Ноэль спросила, чем я был занят, пришлось напомнить о моей работе в мастерской. Сильного интереса она не выразила, лишь кивнула, будто сей предмет был хорошо ей знаком.
– Вы знаете, что есть зеркало?
– Я слышала о нём. Однажды матушке довелось нести белье герцогу, в доме его она видела то, о чем ты говоришь.
Всё же она принялась расспрашивать, и как-то само получилось, что я рассказал понемногу о моей жизни на дворе папаши Арно, о том, как встретился с Ансельми. Я не назвал его имени, в рассказе он был просто стекольщик из Венеции. Ноэль, как и я раньше, понятия не имела о Венеции, но завороженно слушала мою историю: ей она представлялась чем-то вроде волшебного путешествия. В истории той не нашлось места для Пикара, но я говорил, как встретил Жюста и как потом пришел в Париж.
Мне очень хотелось повторить нашу прошлую прогулку, чтобы, наконец, осмотреть город, о котором так много слышал, но заметил: Ноэль тревожится отходить от дома в поздний час. Потому мы двигались всё той же улицей, и за время встречи я выучил улицу почти наизусть. Годы после того, как мне пришлось покинуть Париж, я вспоминал то место, ибо в памяти оно осталось связано с Ноэль, а всё, что было связано с ней, и ранило меня, и врачевало одновременно. По моим воспоминаниям, несколько домов по обе стороны теснили друг друга, тёмные и однообразные, но всё же не лишенные грубоватой аккуратности. Кое-где сквозь их стены пробивалась трава, что, пожалуй, даже украшало их незамысловатый вид. Двери были наглухо закрыты, будто за ними давно нет никакой жизни, но в окнах, расположенных над головами, там, где ставни оставались ещё распахнутыми, время от времени медленно проплывали тени, напоминавшие, что дома принадлежат людям.

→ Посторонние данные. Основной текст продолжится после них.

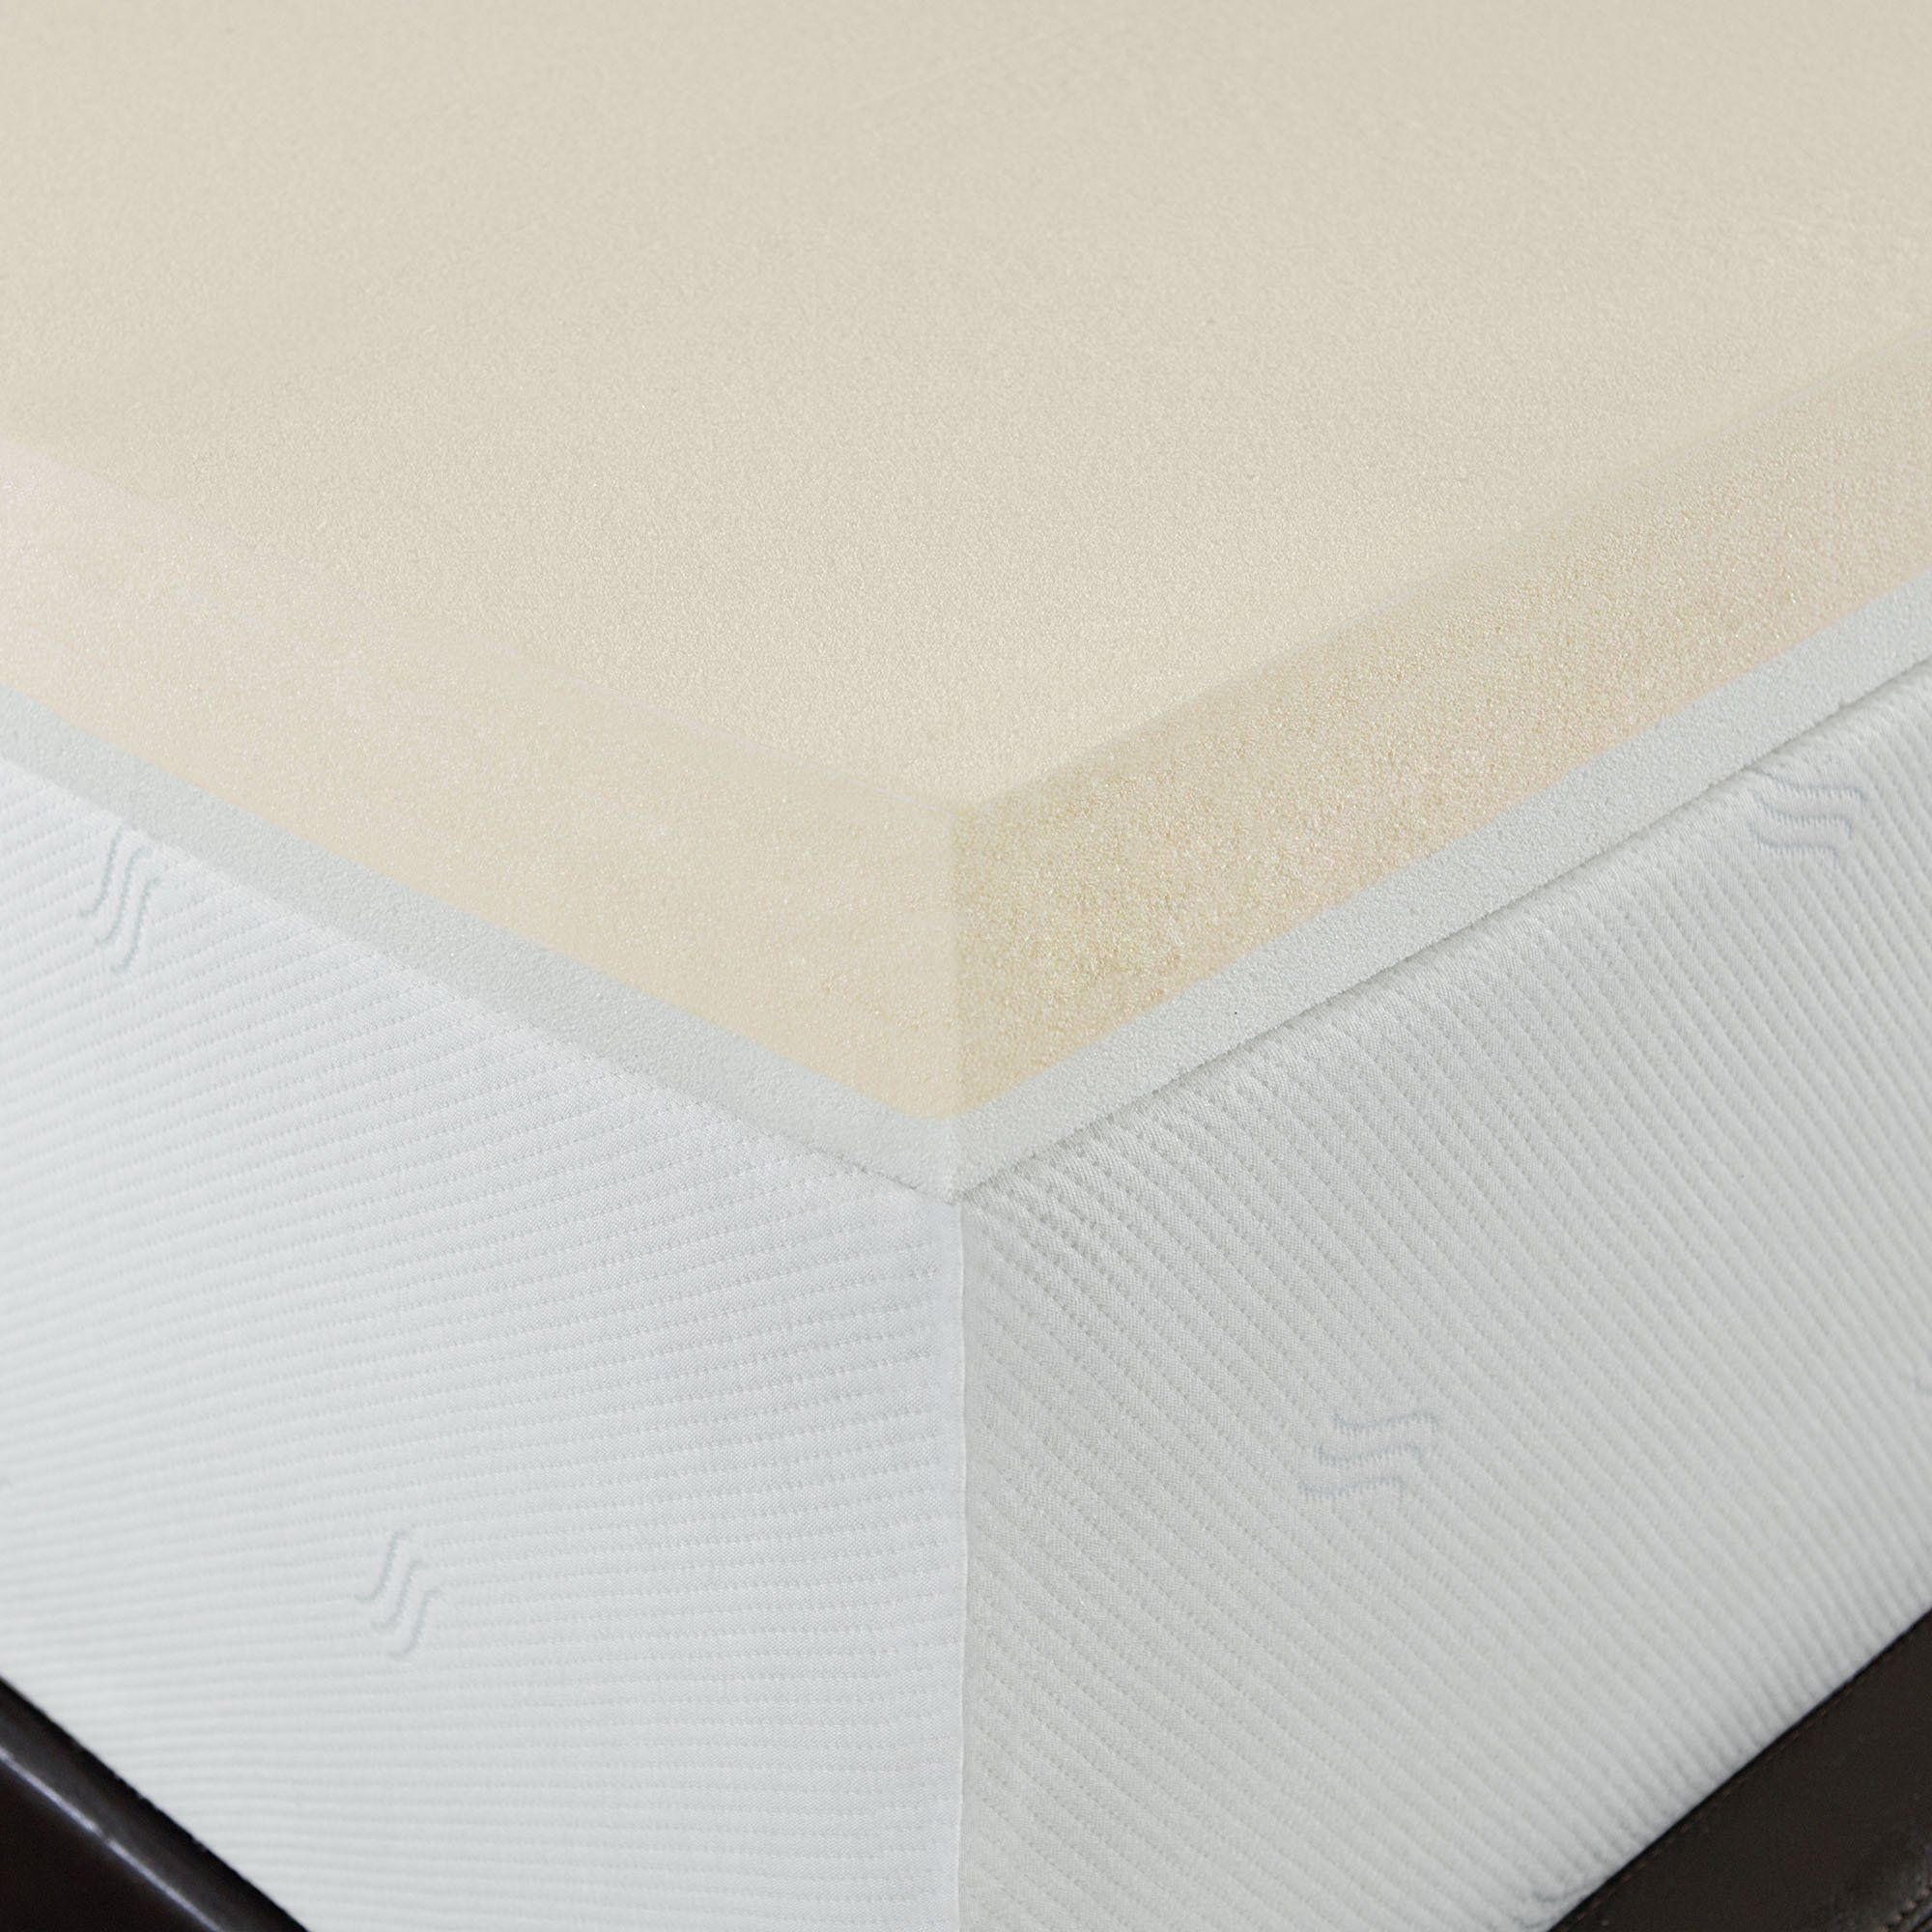 Serta Triple Layer Comfort, 4Inch Memory Foam Mattress
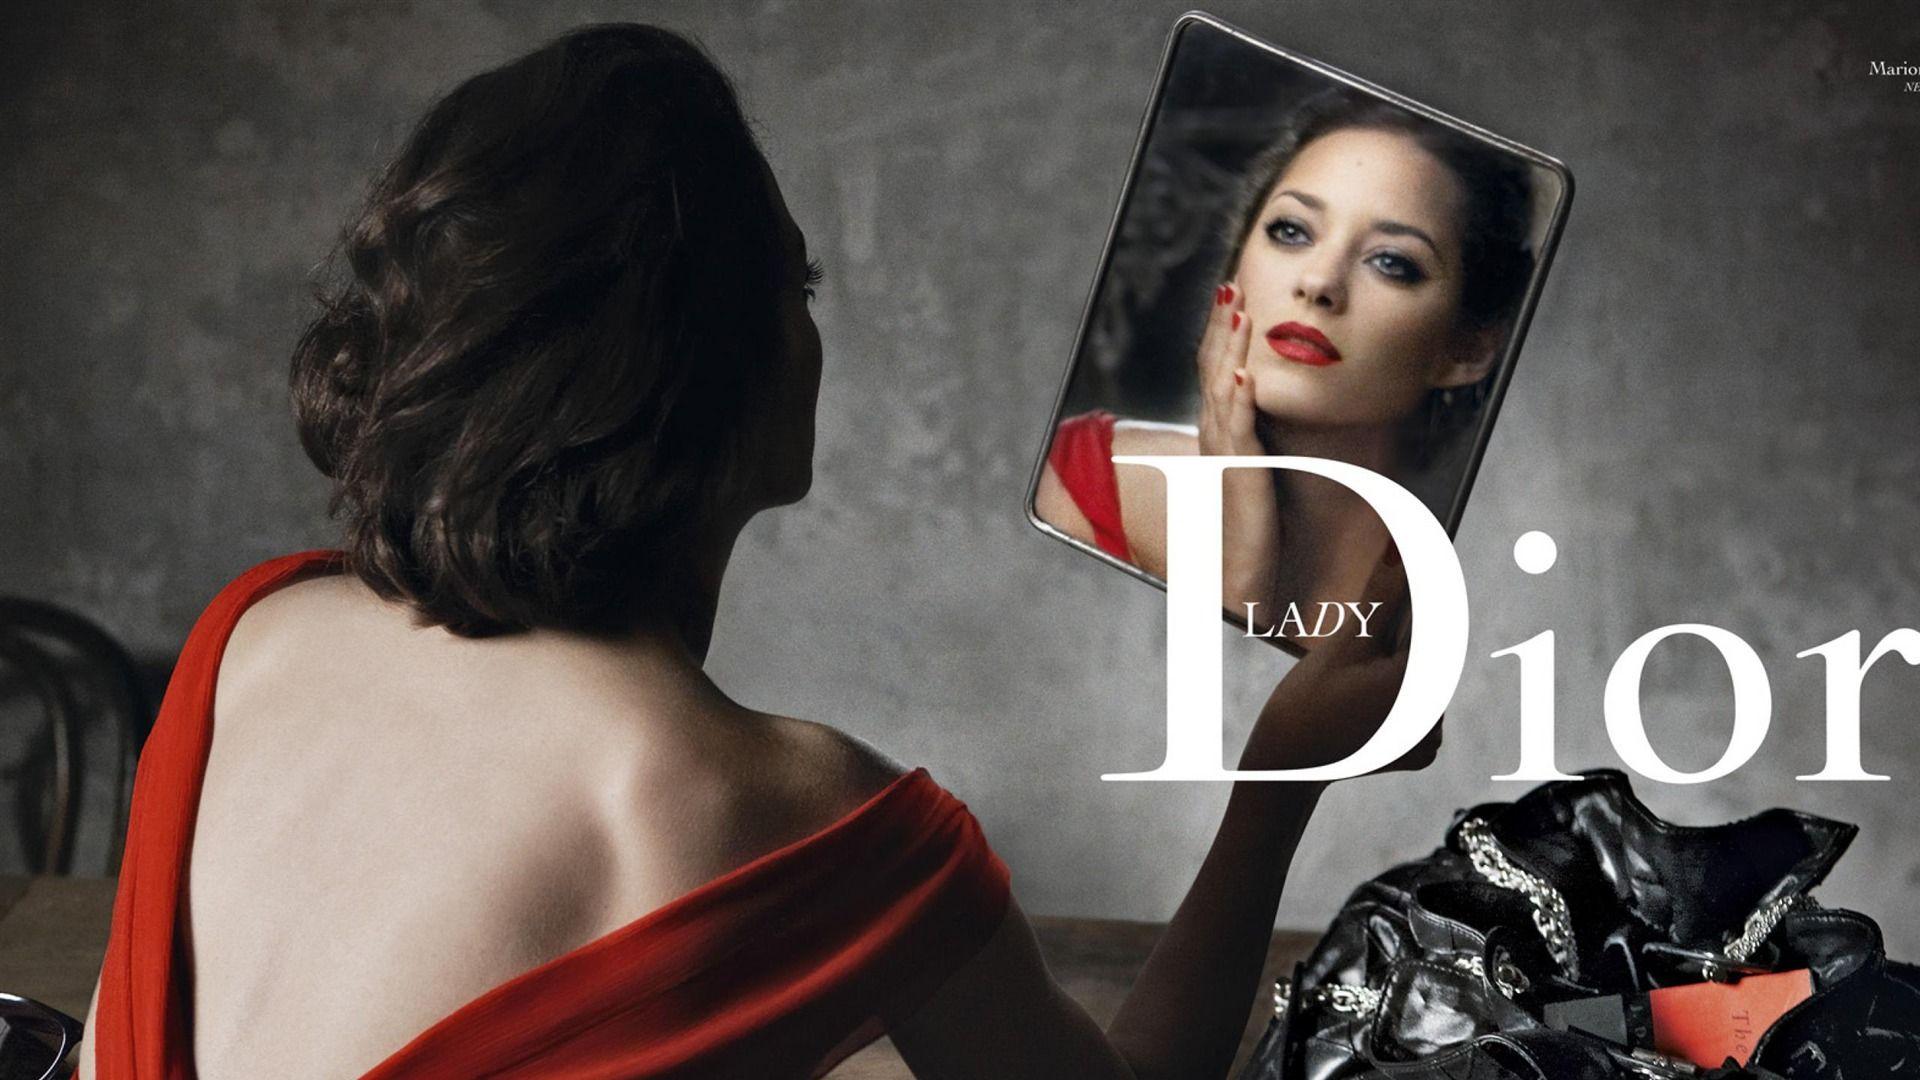 Dior Wallpaper Image
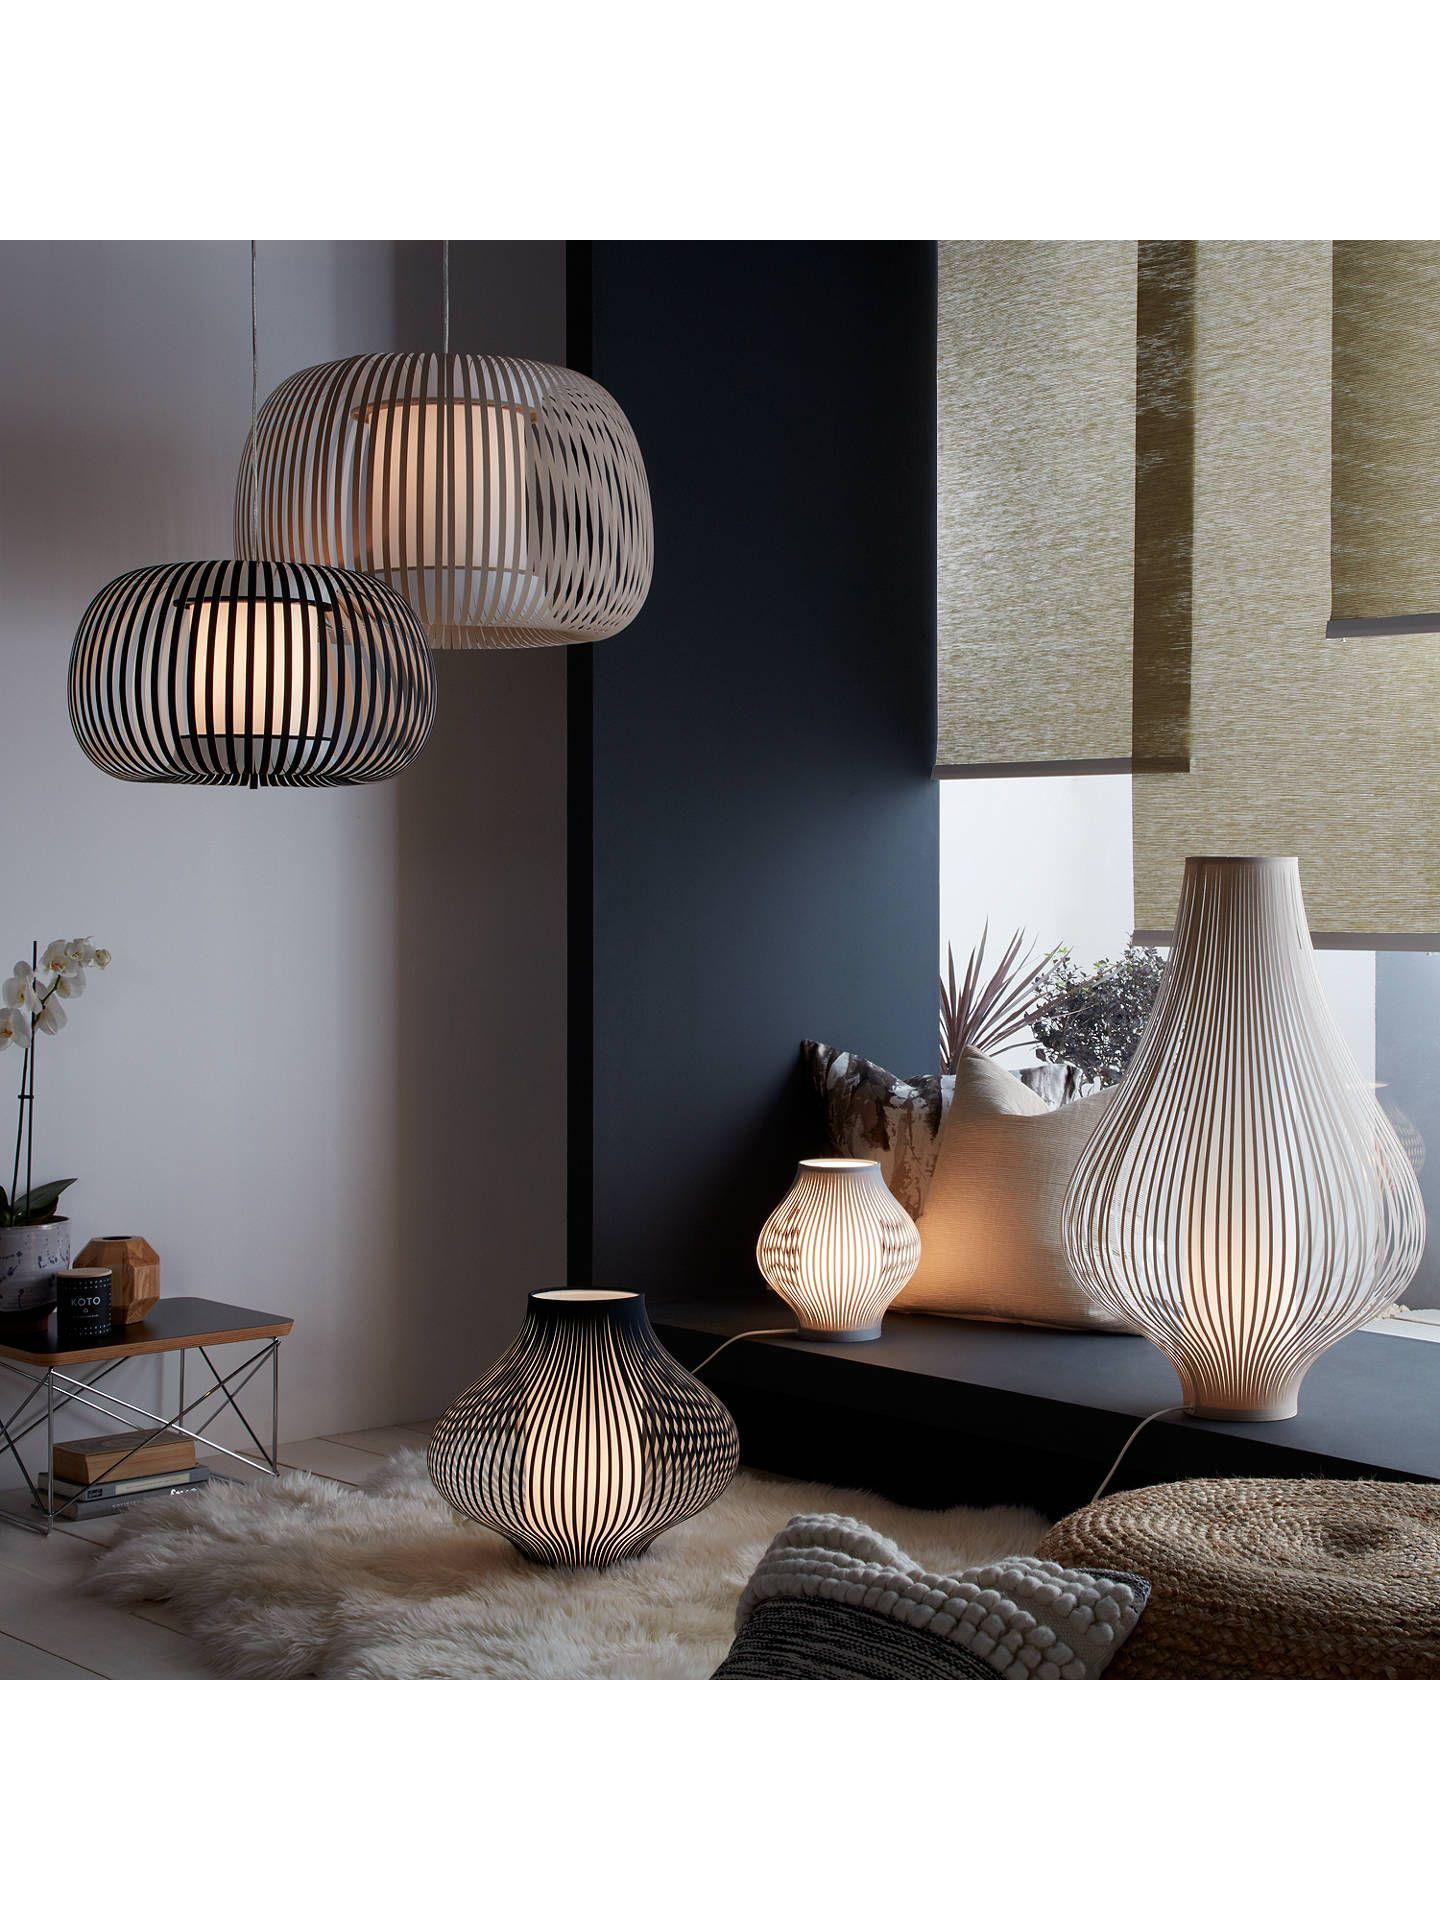 John Lewis Partners Harmony Large Ribbon Ceiling Light Black En 2020 Luminaires Salle A Manger Deco Maison Deco Salon

Каково же было моё отчаяние, когда, вернувшись в Париж, я не смог найти это место. Точнее, оно существовало, но изменилось до неузнаваемости, в нём не осталось ничего от прежней жизни. Вновь и вновь я сюда стремился, но вместо знакомого поворота: помнил его по разрисованному деревянному петуху, чудом сохранившемуся и вертящемуся перед глазами, натыкался на крикливых торговок – своим товаром они загораживали весь проход. Наверно, они принимали меня за умалишенного, когда я пытался протиснуться сквозь них и зайти за дом, теперь поперёк стоявший, чтобы посмотреть, осталась ли улица позади него. Мне говорили: уже давным-давно на этом месте всё перестроили, с тех пор, как с десяток лет назад случился сильный пожар, и многие дома обрушились, не выдержав жара, и ничего там нет… Но я всё не могу в это поверить. Мне кажется, если удастся оказаться за этим домом, уже почти мне ненавистным, то откроется та самая улица, Господи, да куда же ей деться? Привычно я постучу в знакомую дверь, и выйдет женщина, конечно, я в своём рассудке и не жду встречи с молоденькой девушкой, но её улыбка, её глаза… Они не изменятся никогда, даже если на пороге передо мной встанет древняя старуха.